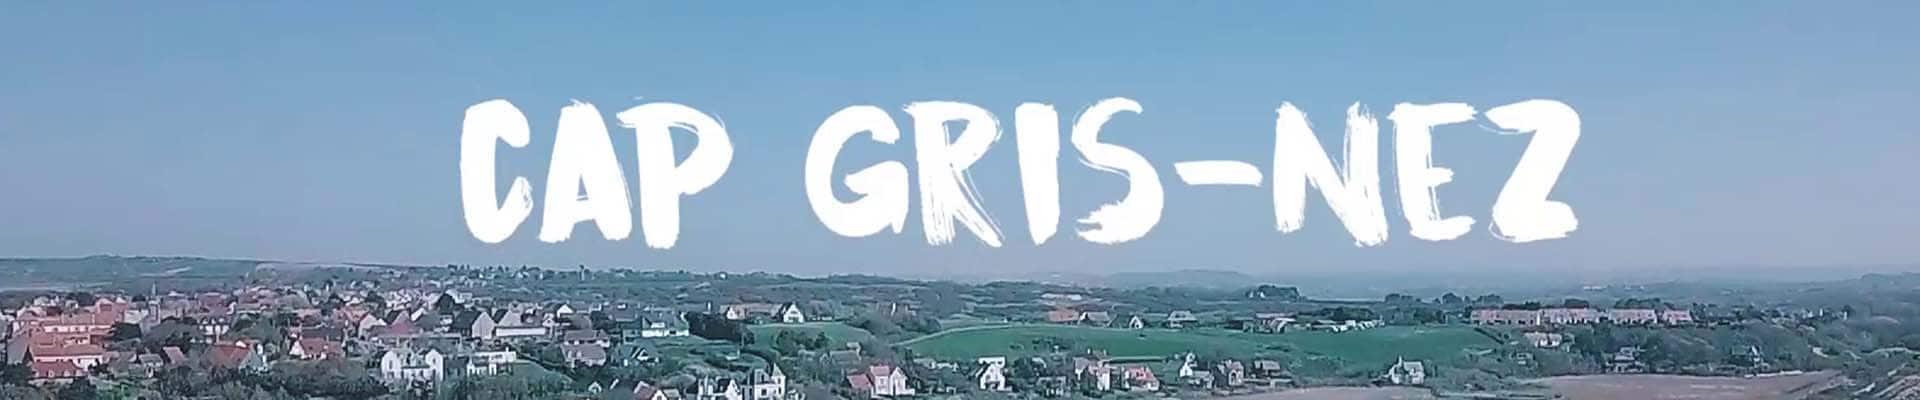 Cap Gris-Nez vidéo drone par Espace-digital Nicolas Masoni
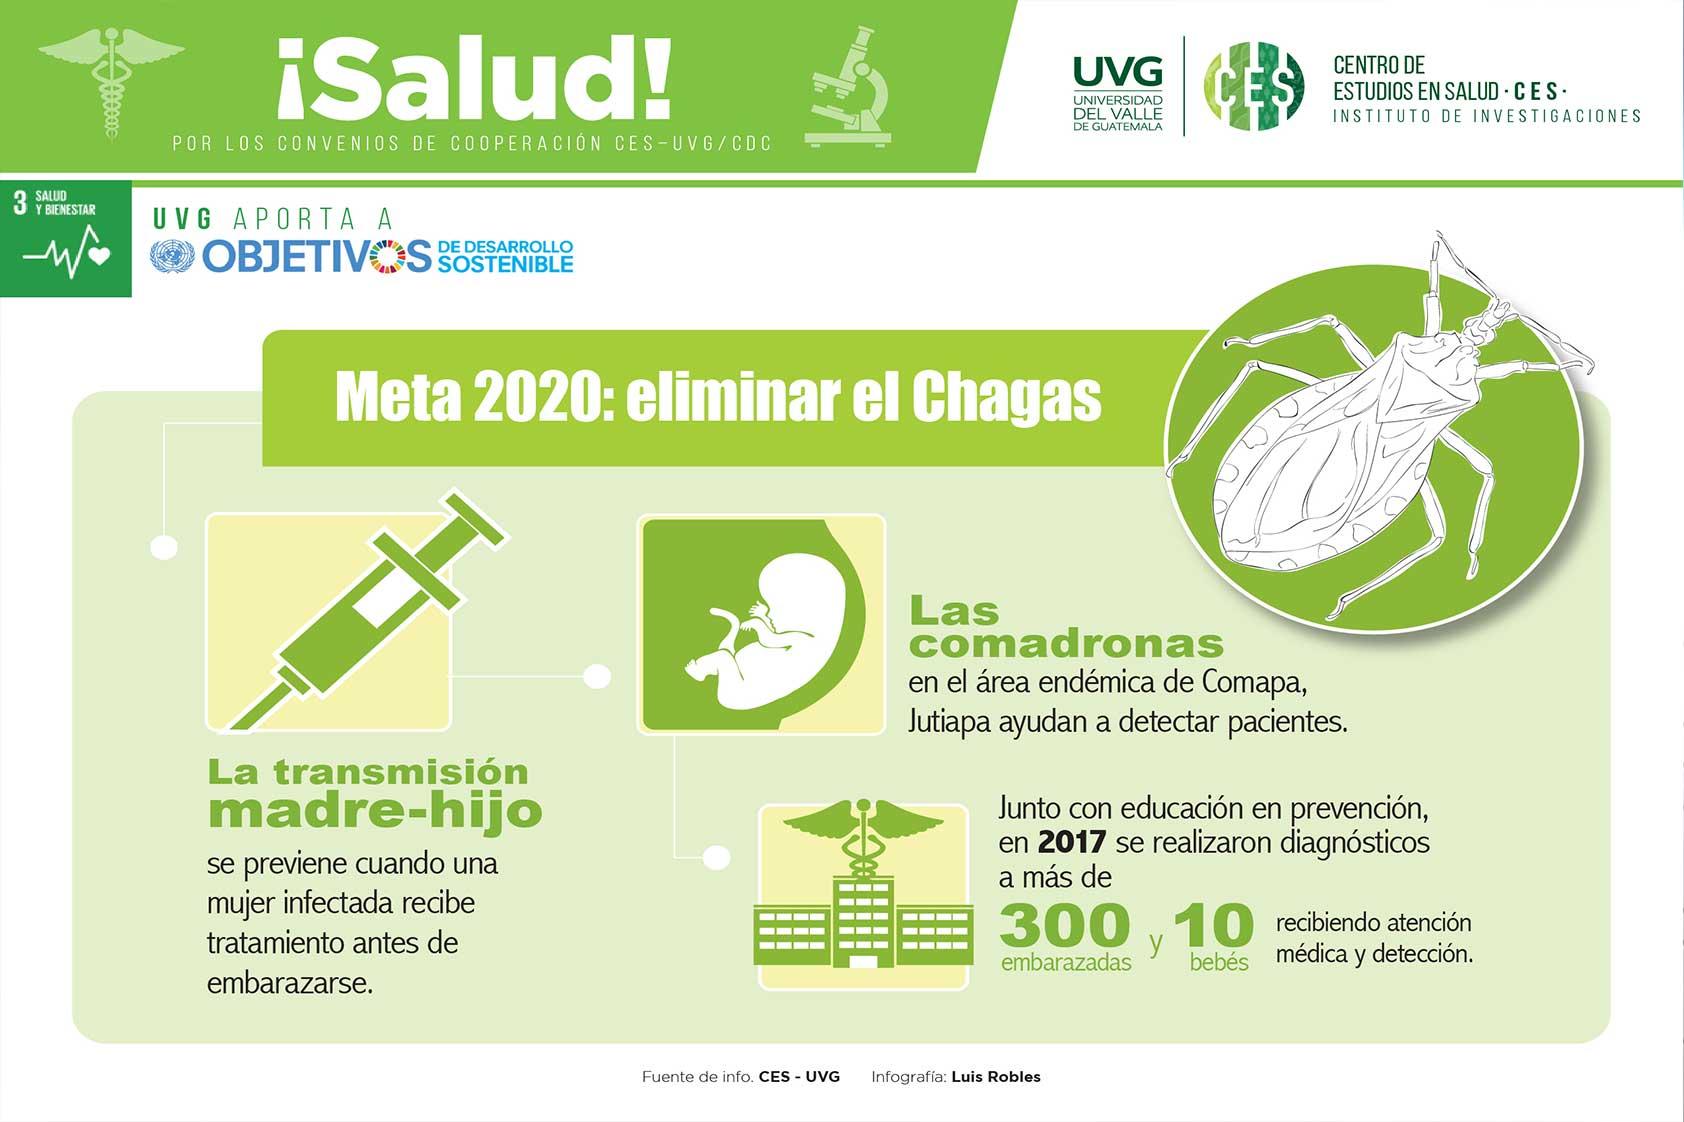 UVG contribuye para lograr la eliminación del Chagas en Guatemala en el 2020
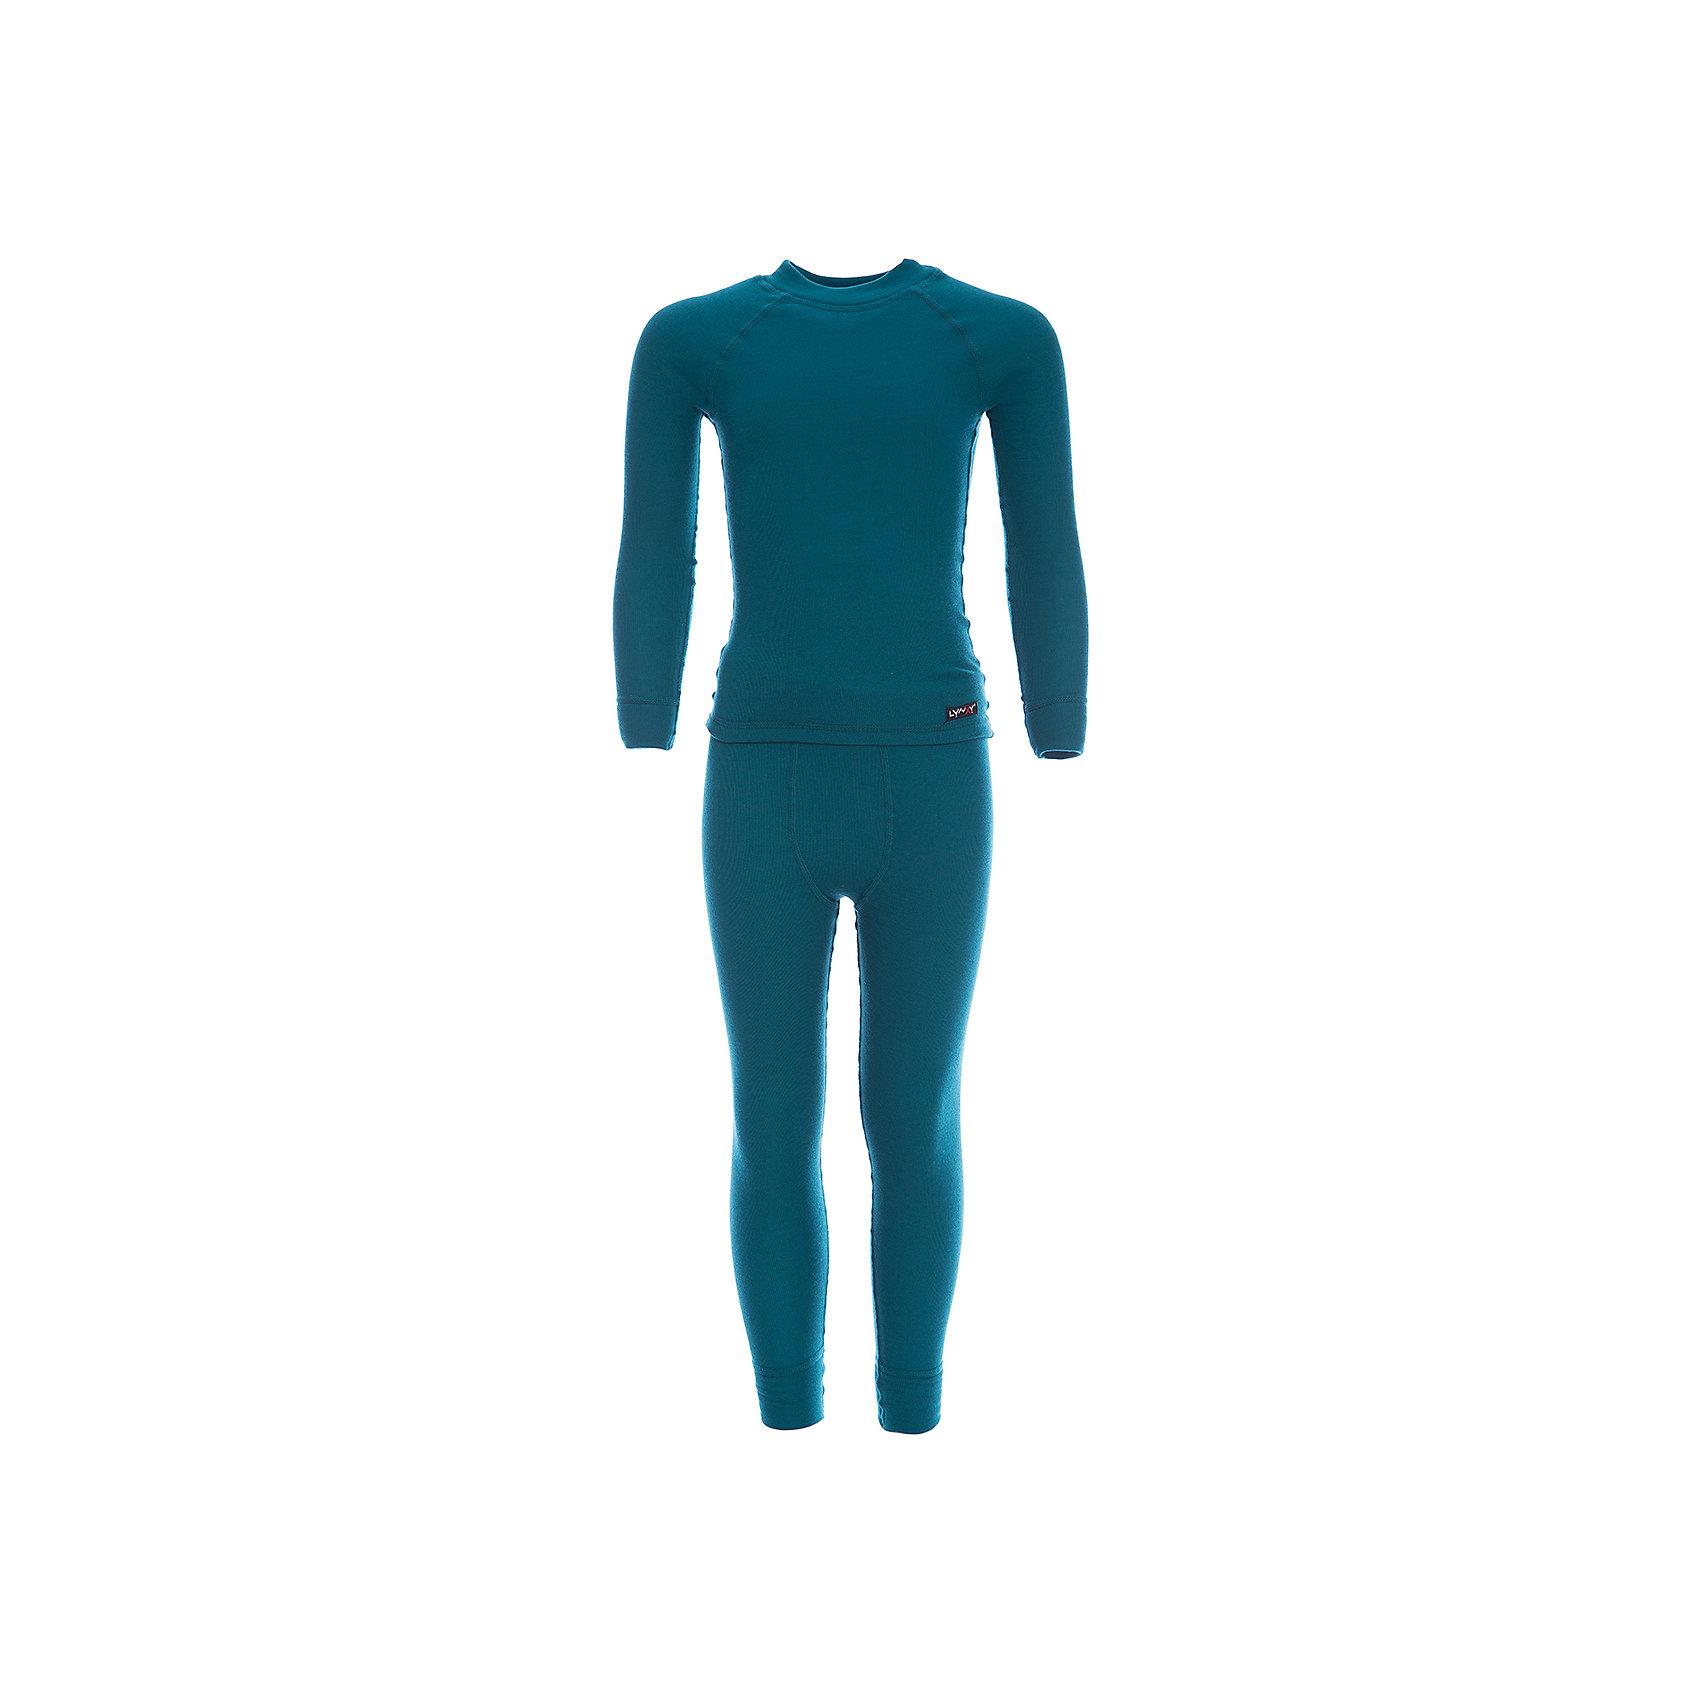 Комплект термобелья LynxyФлис и термобелье<br>Характеристики товара:<br><br>• цвет: морской волны<br>• комплектация: лонгслив и рейтузы<br>• состав ткани: 95% полиэстер, 5% вискоза <br>• подкладка: нет<br>• сезон: зима<br>• температурный режим: от -30 до 0<br>• пояс: резинка<br>• длинные рукава<br>• страна бренда: Россия<br>• страна изготовитель: Россия<br><br>Такой детский комплект термобелья состоит из лонгслива и рейтуз. Такое термобелье можно надевать как нижний слой в морозы. Качественный материал комплекта термобелья для детей позволяет коже дышать и впитывает лишнюю влагу. Ткань Trevira с микроначесом приятна на ощупь. <br><br>Комплект термобелья Lynxy (Линкси) можно купить в нашем интернет-магазине.<br><br>Ширина мм: 123<br>Глубина мм: 10<br>Высота мм: 149<br>Вес г: 209<br>Цвет: зеленый<br>Возраст от месяцев: 24<br>Возраст до месяцев: 36<br>Пол: Унисекс<br>Возраст: Детский<br>Размер: 98,170,104,110,116,122,128,134,140,146,152,158,164<br>SKU: 7038614

═══

◆ WHAT TO WORK ON
Apart from the pictures, every line above must be printed exactly.

◆ OUTPUT FOR THIS EXERCISE
 Cap Gris-Nez vidéo drone par Espace-digital Nicolas Masoni
 UVG contribuye para lograr la eliminación del Chagas en Guatemala en el 2020
 Комплект термобелья LynxyФлис и термобелье<br>Характеристики товара:<br><br>• цвет: морской волны<br>• комплектация: лонгслив и рейтузы<br>• состав ткани: 95% полиэстер, 5% вискоза <br>• подкладка: нет<br>• сезон: зима<br>• температурный режим: от -30 до 0<br>• пояс: резинка<br>• длинные рукава<br>• страна бренда: Россия<br>• страна изготовитель: Россия<br><br>Такой детский комплект термобелья состоит из лонгслива и рейтуз. Такое термобелье можно надевать как нижний слой в морозы. Качественный материал комплекта термобелья для детей позволяет коже дышать и впитывает лишнюю влагу. Ткань Trevira с микроначесом приятна на ощупь. <br><br>Комплект термобелья Lynxy (Линкси) можно купить в нашем интернет-магазине.<br><br>Ширина мм: 123<br>Глубина мм: 10<br>Высота мм: 149<br>Вес г: 209<br>Цвет: зеленый<br>Возраст от месяцев: 24<br>Возраст до месяцев: 36<br>Пол: Унисекс<br>Возраст: Детский<br>Размер: 98,170,104,110,116,122,128,134,140,146,152,158,164<br>SKU: 7038614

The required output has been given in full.